* DATA EXTRACTS
-- Opening Marker --

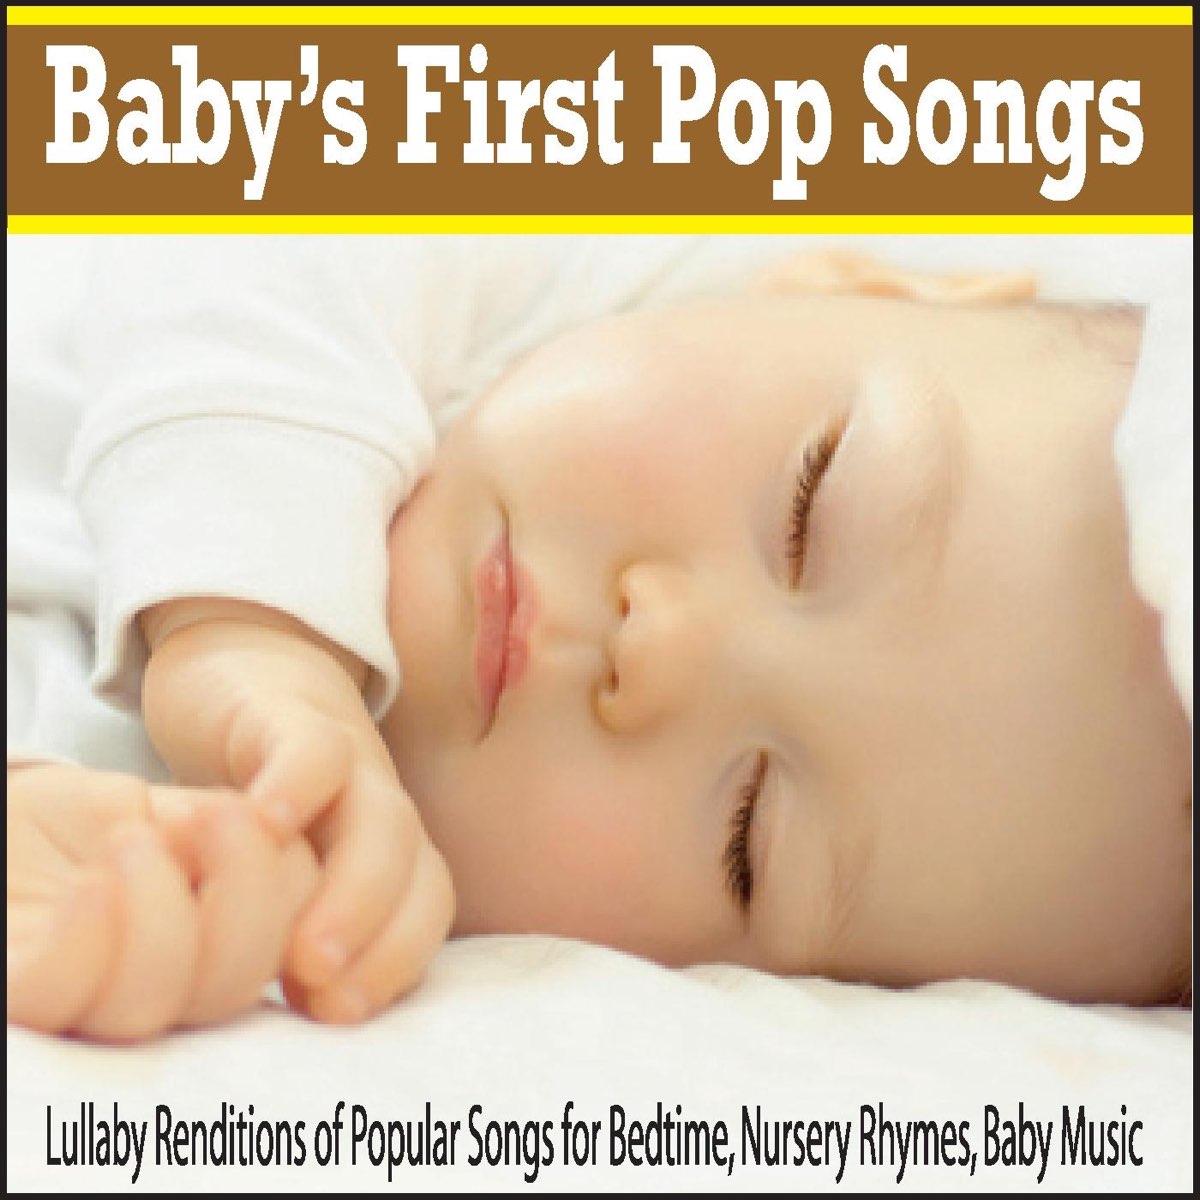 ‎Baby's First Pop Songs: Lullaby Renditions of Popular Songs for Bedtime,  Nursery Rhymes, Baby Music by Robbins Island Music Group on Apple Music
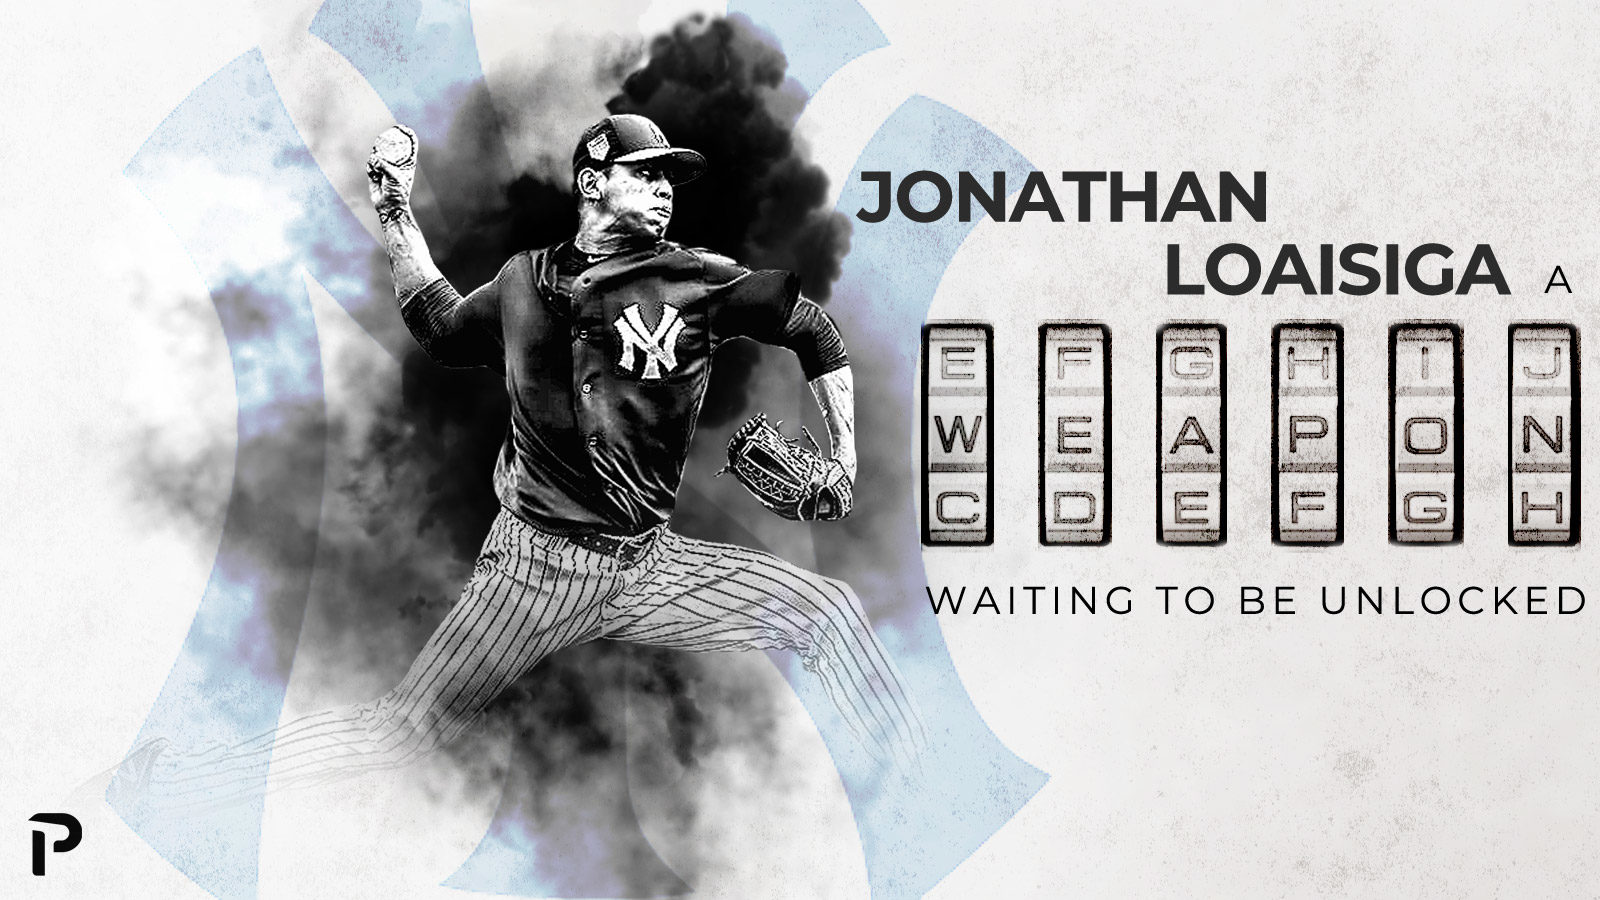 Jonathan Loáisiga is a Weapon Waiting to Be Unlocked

-- Closing Marker --
-- Opening Marker --

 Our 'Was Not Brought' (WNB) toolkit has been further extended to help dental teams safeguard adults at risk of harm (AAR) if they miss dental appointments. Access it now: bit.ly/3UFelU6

-- Closing Marker --

* WHAT IS BEING ASKED
Copy exactly, without pictures, the lines above from the one with "on Apple Music" down to the one with "Jonathan Loáisiga is", inclusive.

* FINISHED TASK
 ‎Baby's First Pop Songs: Lullaby Renditions of Popular Songs for Bedtime,  Nursery Rhymes, Baby Music by Robbins Island Music Group on Apple Music
 Jonathan Loáisiga is a Weapon Waiting to Be Unlocked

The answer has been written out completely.